様々な批判を受けている安倍晋三首相主催の「桜を見る会」。

2019年の招待者名簿が直後に廃棄されたとして注目を集めるなか、国立公文書館には、いまから60年以上前の「桜を見る会」の名簿が保存されていることがわかった。

その保存期間は「永久」だ。歴史を紐解くと、いったい何が見えてくるのだろうか。

安倍政権下で参加者の数や予算が急増していたことから、批判が高まっていた桜を見る会。首相による地元後援者の招待や、安倍昭恵夫人の推薦枠や自民党枠などが存在したことから「私物化」の指摘もあがっていた。

そのなかで注目されているのが「招待者名簿」だ。

過去には「マルチ商法」を展開しのちに行政処分を受けたジャパンライフ元会長も参加していたほか、今年は反社会的勢力が招待されていたことも明らかに。野党側は2019年分についても開示を求めている。

しかし、「桜を見る会」の招待者名簿は、各省庁などの取りまとめをする内閣府が保存期限を2018年4月にそれまでの「1年」から「1年未満」へと変更した。

そのため、2019年4月13日に開催された招待者の名簿が5月9日に破棄されており、安倍首相はデータについても復元ができないと主張している。

国立公文書館に1950年代の名簿が

そもそも「桜を見る会」は、1952年に当時の吉田茂首相が戦前に開催されていた「観桜会」を参考に始めたものだ。

国立公文書館には、1953(昭和28)年からの資料のほか、56年(昭和31年)とその翌年の招待名簿など、関連資料が複数存在していた。インターネット上で閲覧できるものもある。

1956年4月18日(水曜日)の「桜を観る会」の名簿によると、鳩山一郎首相(当時)主催の同会で招待をされたのは、4400人。

その半分が、招待者の「夫人」という数え方をしている。

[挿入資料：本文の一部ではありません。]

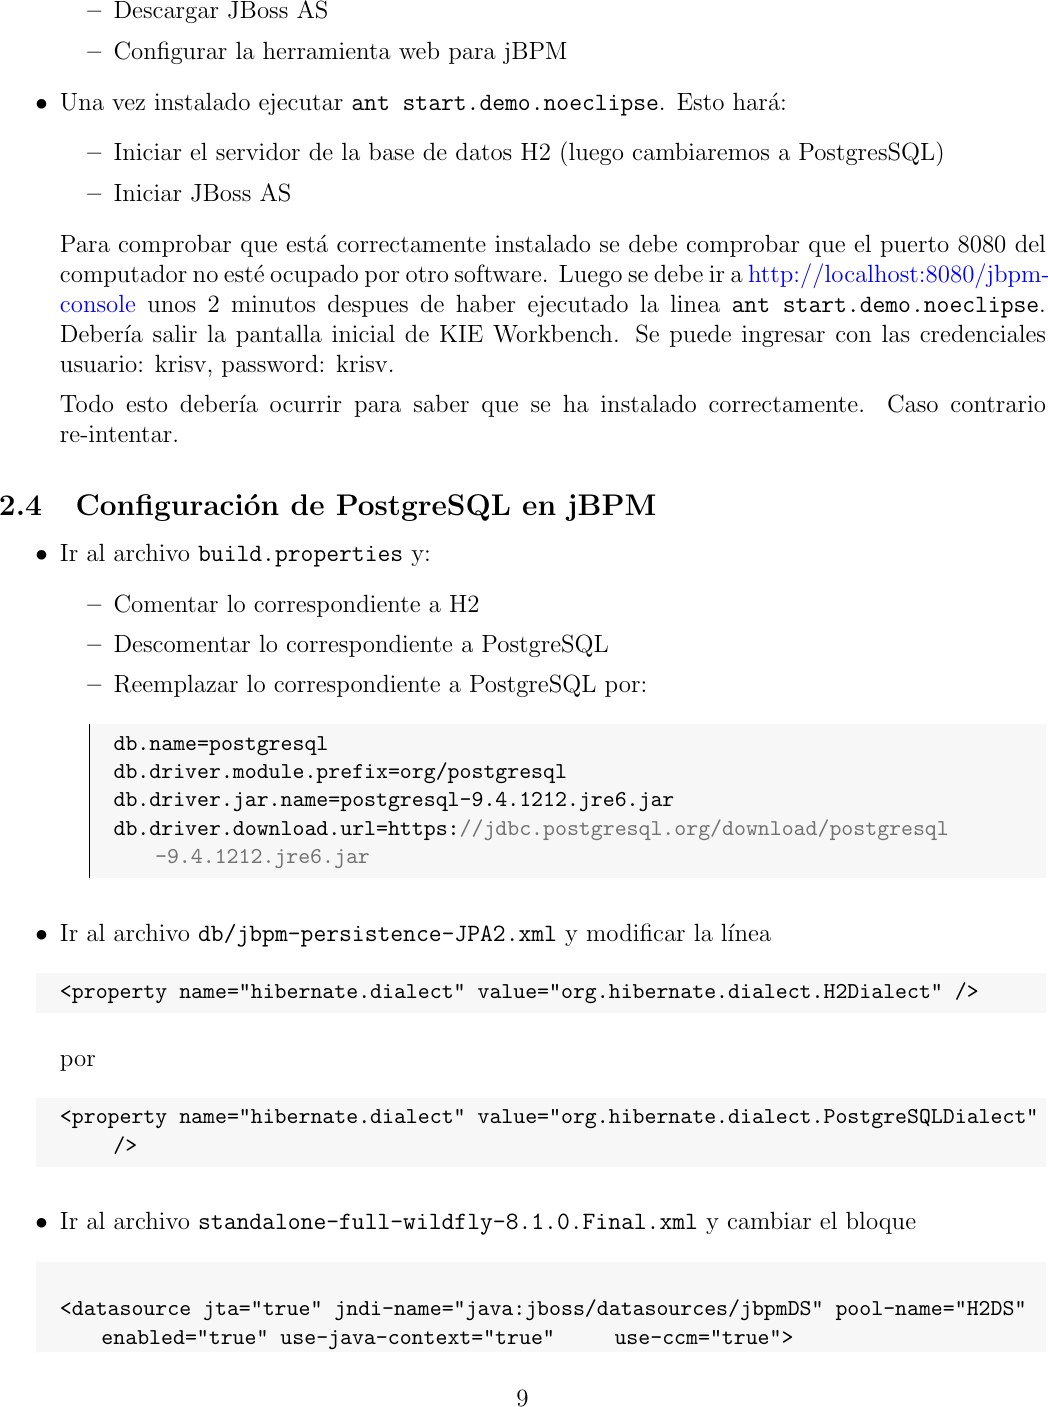 Page 9 of 11 - Manual De Configuracion

つまり実質的な招待者は2200人で、そのほとんどが男性ということだ。

招待範囲は「外交団、皇族、元皇族、各大臣…」とはじまり、最高裁判所長官、衆参両院議長、国会議員や認証官(天皇の認証が必要とされる国家公務員。検事総長や侍従長、特命全権大使など)が並んでいる。

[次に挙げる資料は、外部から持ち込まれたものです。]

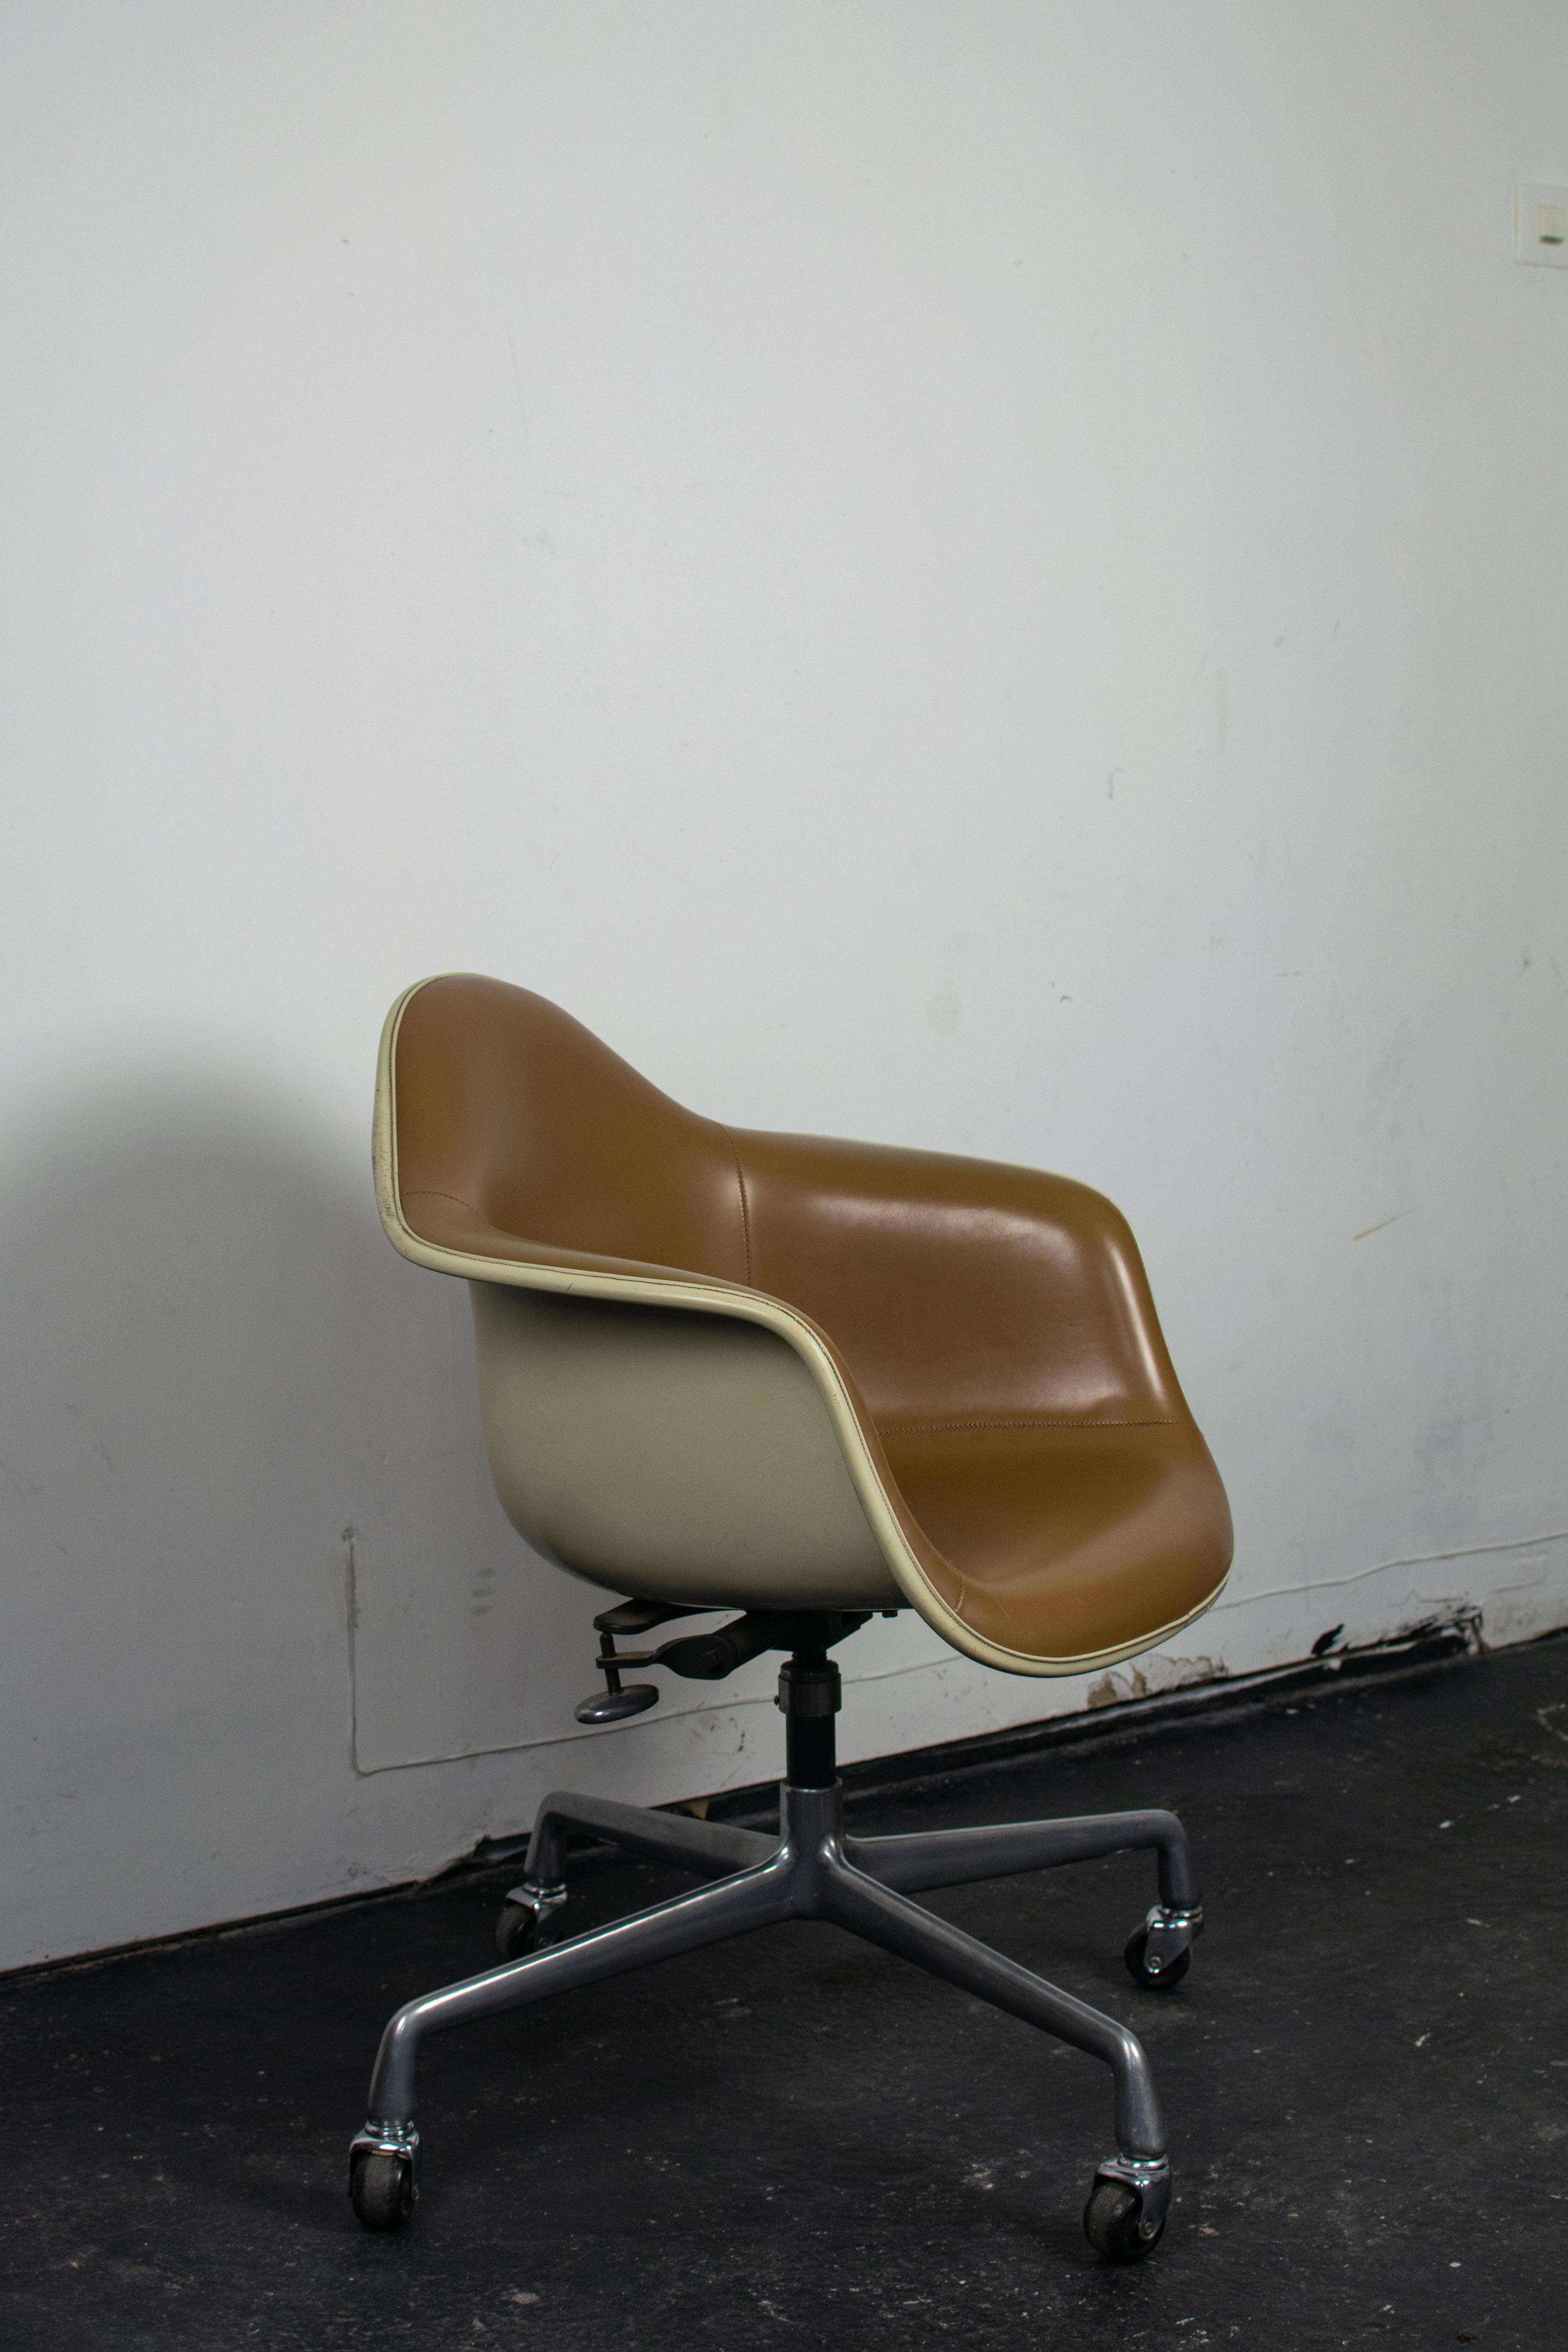 Cette chaise DAT-2 par Charles & Ray Eames pour Herman Miller est un fauteuil de bureau pivotant mis sur le marché par l'américain Herman Miller à la fin des années 1950 et produit jusqu'à la fin de la série de chaises en fibre de verre en 1993.

さらに、国立国会図書館長や、警察を管理する国家公安委員、内閣官房長官および各政務次官、法制局長官などの政府関係者が。

いまは官房長官が招待者の最終決定者であり、かつ自らの招待枠もあったことが明らかになっているが、当時は官房長官は招待される側だった、ということがわかるだろう。

その後は、衆参両院事務総長や公正取引委員会、土地調査委員会、学士院、芸術院の関係者、特殊銀行会社の社長、東京都と隣接県の知事や議会議長、さらに横浜市長ーーそして「各界代表」と続く。

肥大化した「桜を見る会」

現代の「桜を見る会」の招待範囲は、政府答弁によると以下の通りだ。

《皇族、元皇族、各国大公使等、衆参両院議長および副議長、最高裁判所長官、国務大臣、副大臣及び大臣政務官、国会議員、認証官、事務次官等および局長等の一部、その他各界の代表者等》

概ね主要の部分の招待者に当時との違いはないが、問題視されているのは、「各界の代表者等」とされる欄だ。

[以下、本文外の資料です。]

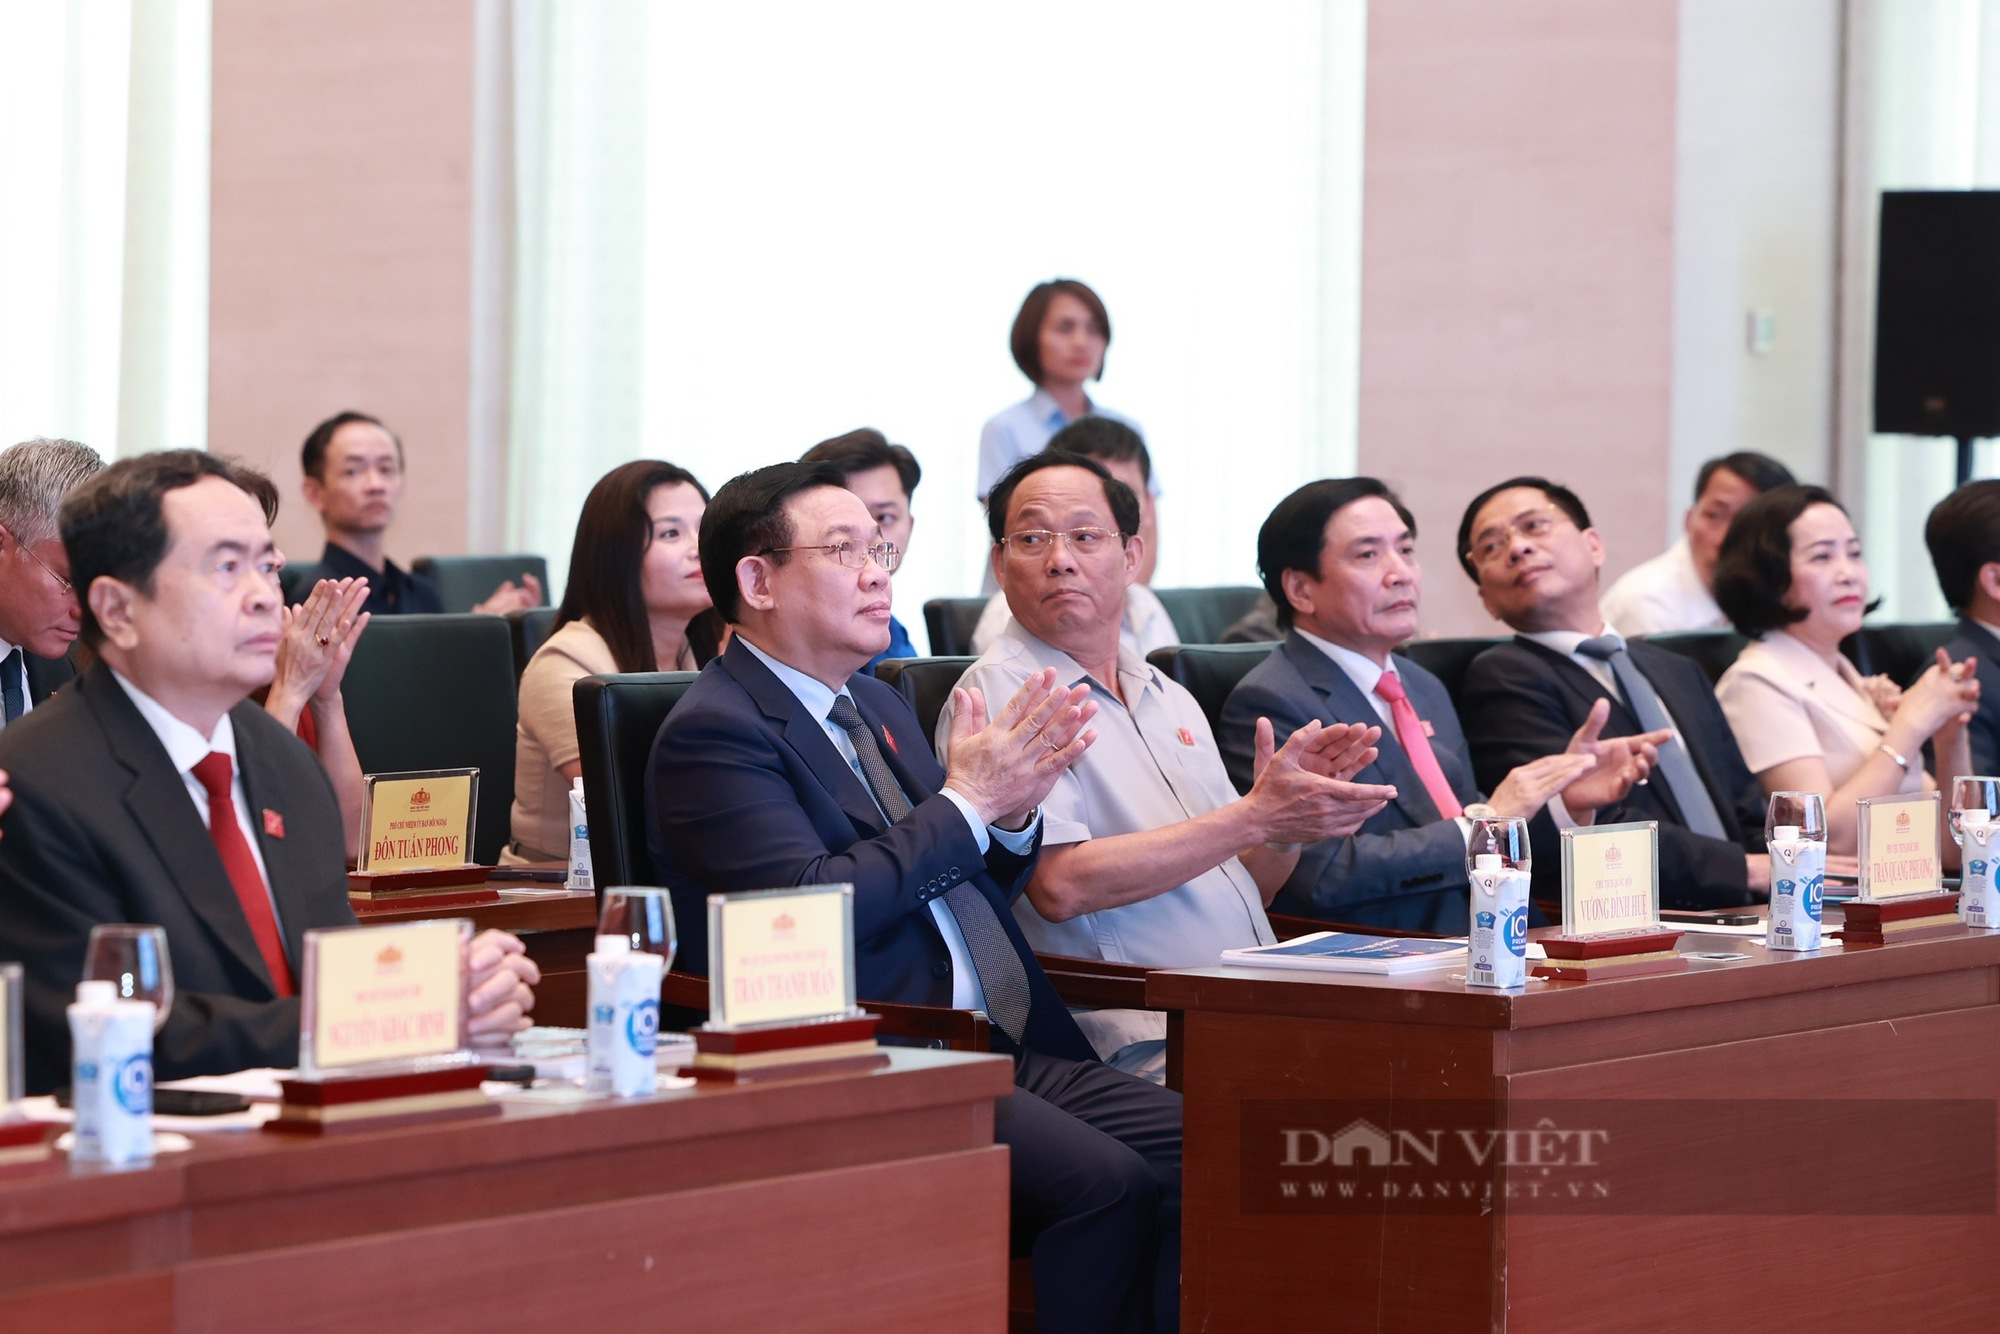 3 nội dung hấp dẫn tại Hội nghị Nghị sĩ trẻ toàn cầu lần thứ 9 do Việt Nam đăng cai tổ chức - Ảnh 1.

2019年は「各省庁推薦の功労者ら」が6000人。このほかに、以下のような割り当ても存在する。

▽安倍首相1000人▽副首相、官房長官、官房副長官1000人▽自民党関係者6000人▽国際貢献や芸術文化などの特別招待者や報道関係者、公明党関係者、元国会議員など1000人

また、「私人」とされている昭恵夫人からの推薦枠もあったという。

一方の1956年はどうか。「各界代表」は382人(割り当ては400人)で、この概数は「大体昨年桜を観る会のときの概数とする」とされている。

長年の歴史を経て、「桜を見る会」が大きく肥大していることがわかるだろう。

名簿を開いてみると…

それでは、1956年当時の名簿を開いてみよう。名前が出ているのは、国会議員と各界代表、さらに報道関係者の1679人分だ。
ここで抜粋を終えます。